The Red Dress

It hung there in the closet

While she was dying, Mother’s red dress,

Like a gash in the row

Of dark, old clothes

She had worn away her life in.

They had called me home

And I know when I saw her

She wasn’t going to last.

When I saw the dress, I said,

”Why, Mother – how beautiful!

I’ve never seen it on you.”

”I’ve never worn it,” she slowly said.

”Sit down, Millie – I’d like to undo

A lesson or two before I go, if I can.”

I sat by her bed

And she sighed a bigger breath

Than I thought she could hold.

”Now that I’ll soon be gone,

I can see some things.

Oh, I taught you good – but I taught you wrong.”

”What do you mean, Mother?”

”Well – I always thought

That a good woman never takes her turn,

That she’s just for doing for somebody else

Do here, do there, always keep

Everybody else’s wants tended and make sure

Yours are at the bottom of the heap.

”Maybe someday you’ll get to them.

But of course you never do.

My life was like that – doing for your dad,

Doing for the boys, for your sisters, for you.”

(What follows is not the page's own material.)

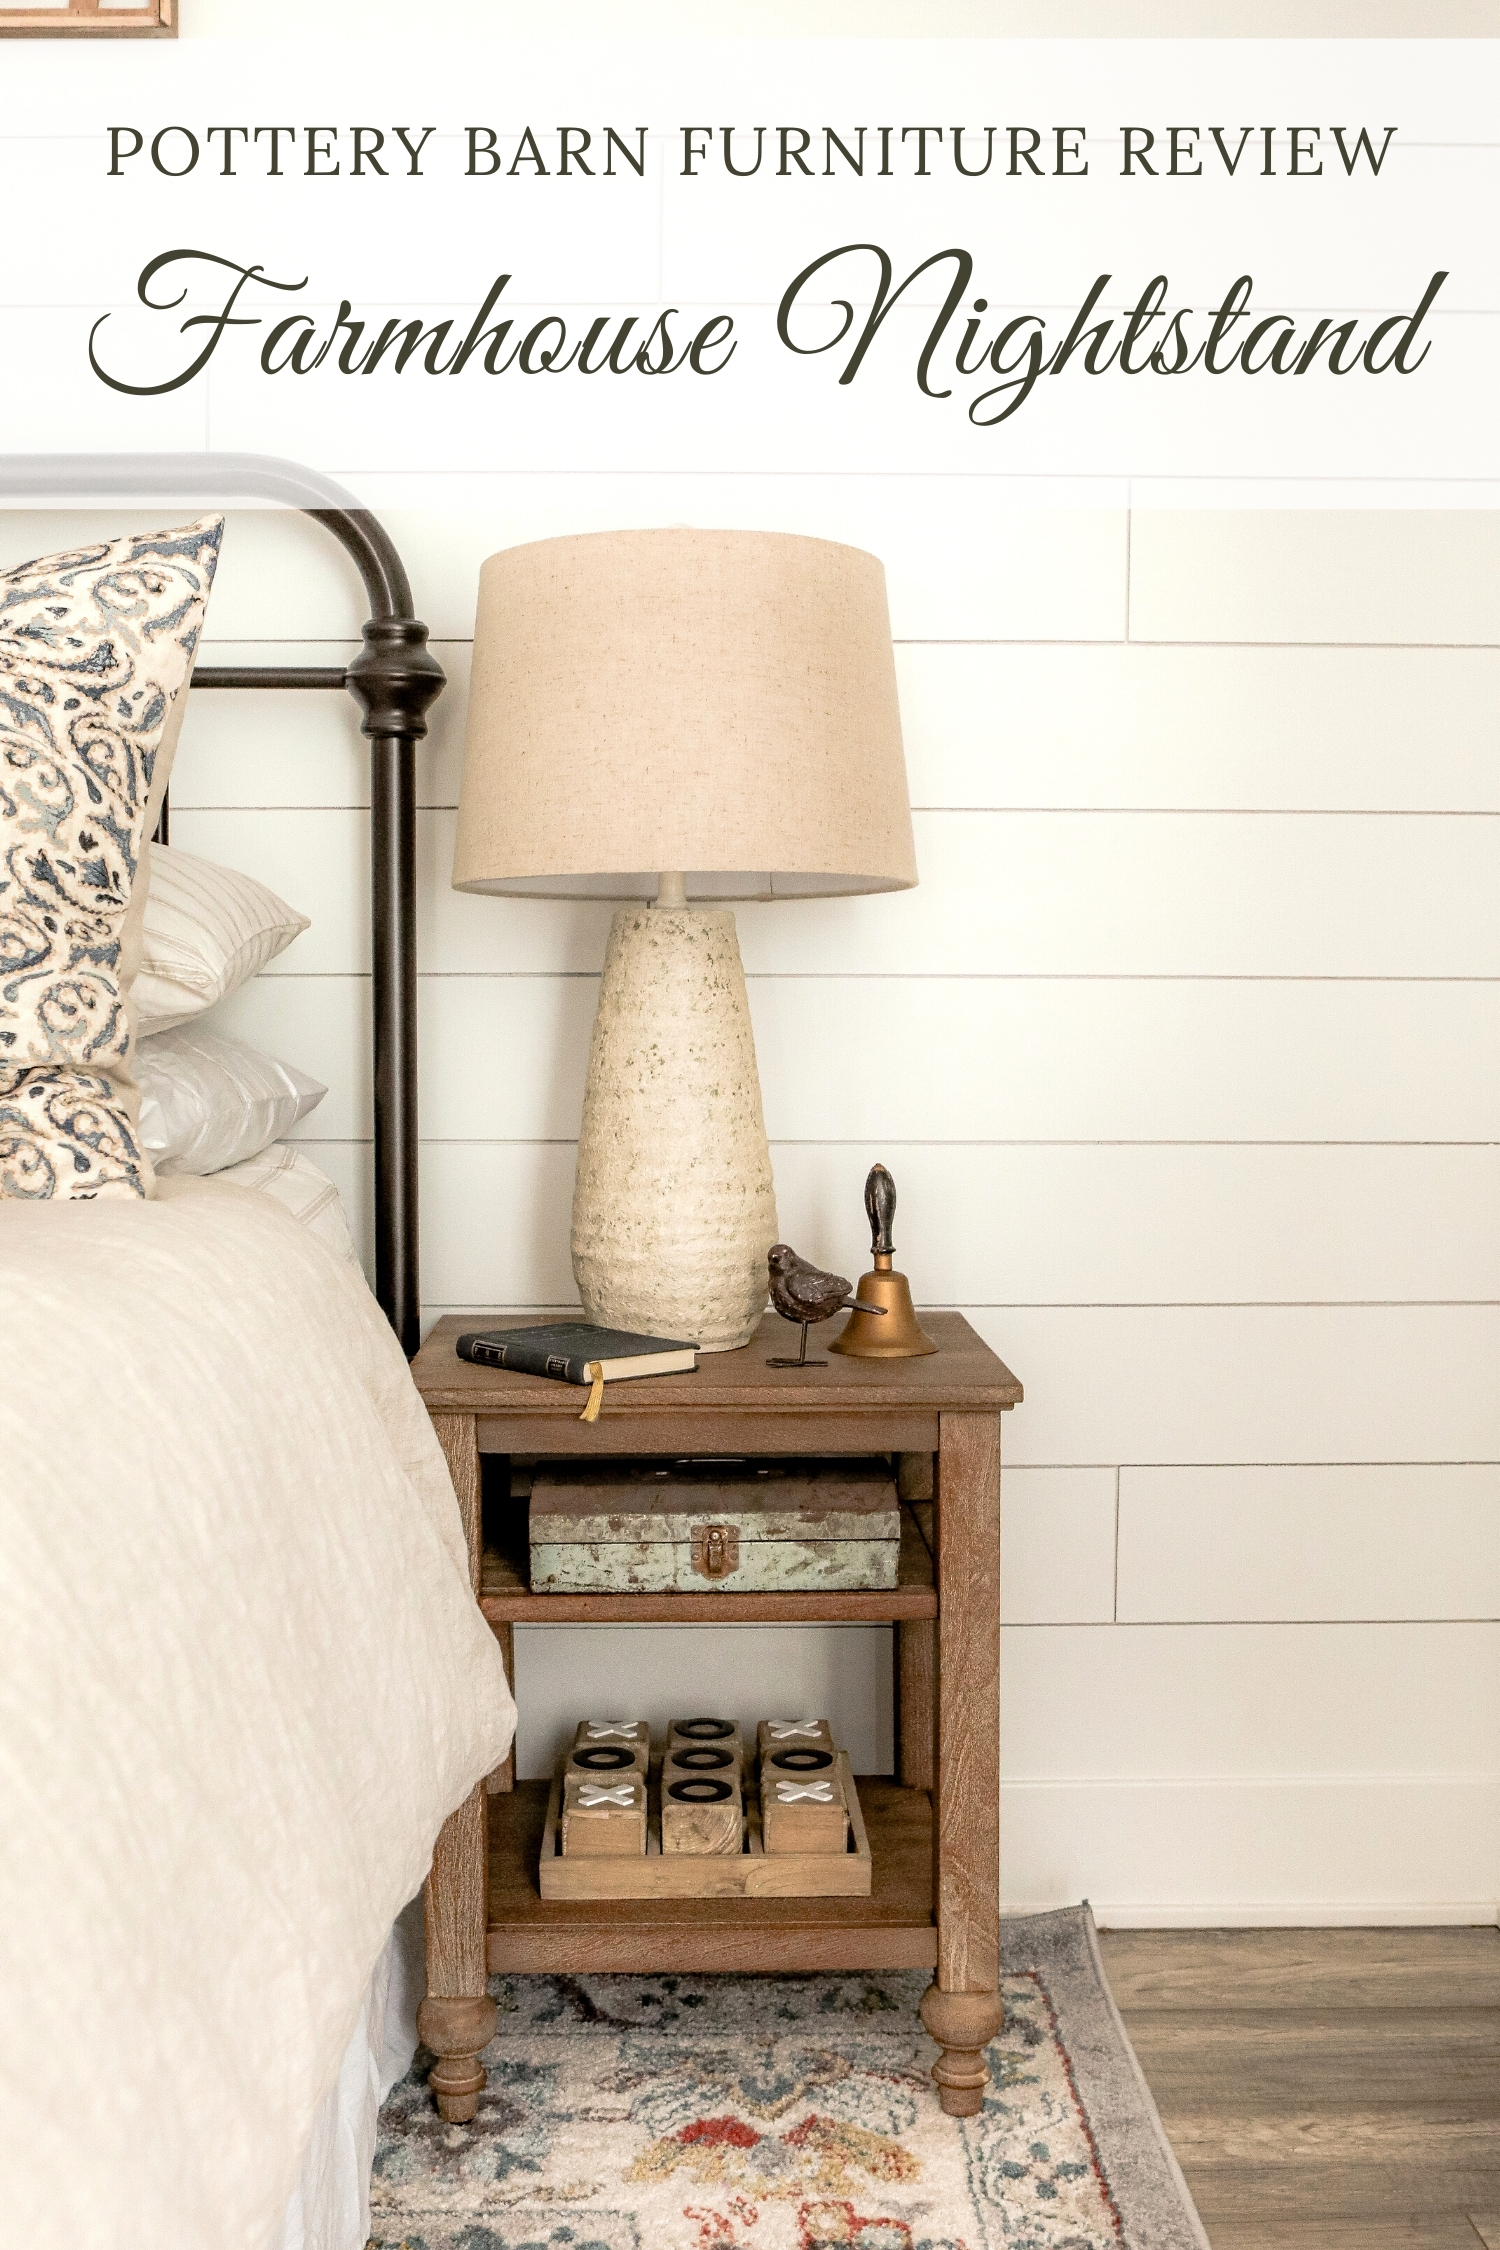 Farmhouse Nightstand Pottery barn furniture Review

”You did – everything a mother could.”

”Oh, Millie, Millie, it was no good –

For you – for him. Don’t you see?

I did you the worst of wrongs.

I asked for nothing – for me!

”Your father in the other room,

All stirred up and starring at the walls –

When the doctor told him, he took

It bad – came to my bed and all but shook

The life right out of me. You can’t die,

Do you hear? What’ll become of me?”

”What’ll be become of me?”

It’ll be hard, all right, when I go.

He can’t even find the frying pan, you know.

”And you children –

I was a free ride for everyone, everything.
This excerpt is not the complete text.